Both forms of writing are challenging in their own way and I enjoy both equally, only I tend to gravitate more toward novel-length fiction than short stories.
CS: Back to the Taj Trilogy, how was writing about Jahanara, a figure that is lesser known in Mughal history, different from writing about Mehrunissa in the first two novels?
IS: The interesting thing about both women, Mehrunnisa/Empress Nur Jahan in The Twentieth Wife and The Feast Of Roses, and her grand-niece, Princess Jahanara in Shadow Princess, is the lack of cohesive and complete information about their lives. There exist no official biographies or autobiographies of the two women; the imperial memoirs of Emperor Jahangir and Emperor Shah Jahan mention both women in laudatory, distant terms. They’re both credited with immense power, unimaginable in today’s world, huge incomes which they spent lavishly in building tombs, mosques, palaces, and also with jewelry they designed, poetry they wrote, imperial farmans (edicts) they sent out; the politics at court that they influenced.
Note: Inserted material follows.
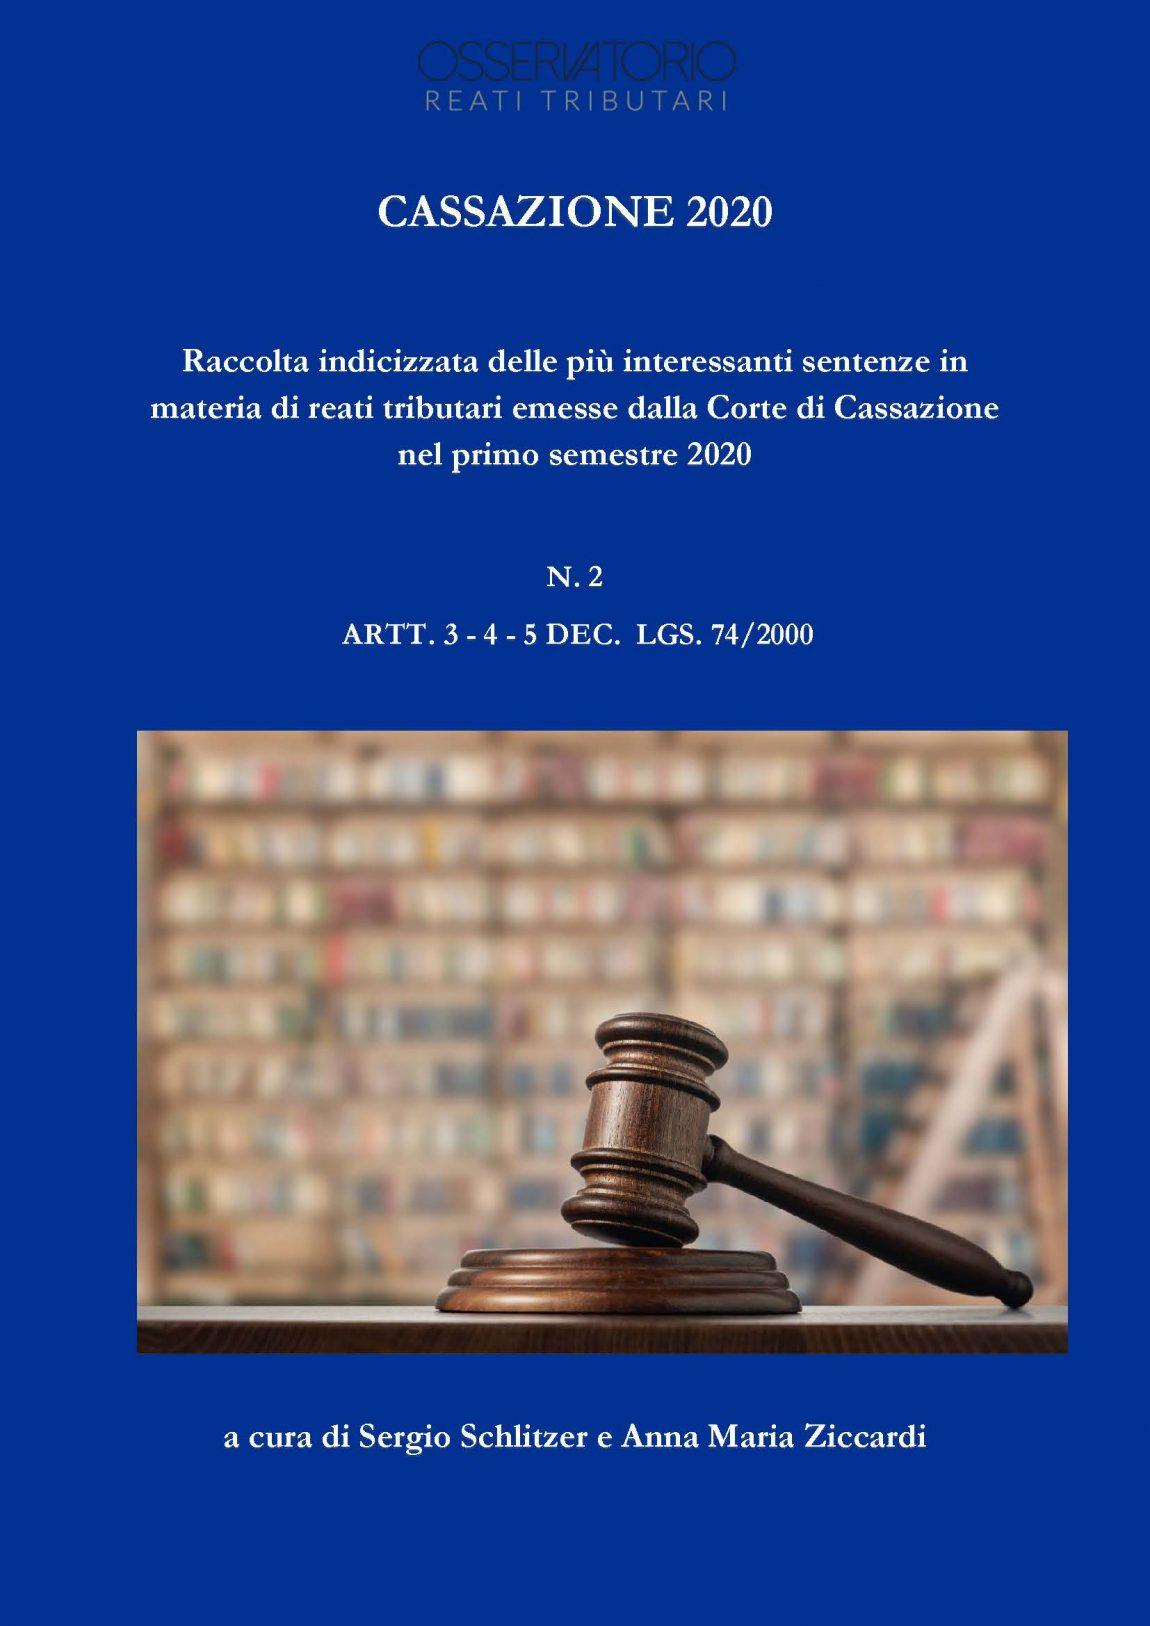 Secondo numero della raccolta indicizzata delle sentenze in tema di reati tributari

Of the two, Mehrunnisa suffers in most of the literature coming out of her stepson/nephew-in-law Emperor Shah Jahan’s times, because she had, when in power, sent him into exile as a prince, a favor he returns when he gains the throne of India. Jahanara, his daughter, comes across as pious, devoted to her father, a woman who stays on in her father’s harem and never marries to leave for another man’s harem.
And then, there are the foreign travelers’ tales of India–the men who came to India on work, for pleasure, to join an army, or for no reason at all, and stayed on to see what was going on, picked up on local bazaar gossip, and then turned all of this into some wonderfully informative memoirs!
CS: What is it about the Mughal period that makes it such a fascinating setting for novels, epic movies, etc.?
IS: Someone talked to me about a Mughal ‘revival;’ but I’ve been working on the books of the trilogy for some 17 years, just because I was interested initially in Mehrunnisa’s story and then found so much literature that was equally interesting. My interest was because the Mughals lived these larger-than-life lives; it’s the stuff of good storytelling!
CS: Any parting words for CitySaheli readers?
IS: Thank you, for inviting me to be on this page, and for reading, thus far, with patience and interest!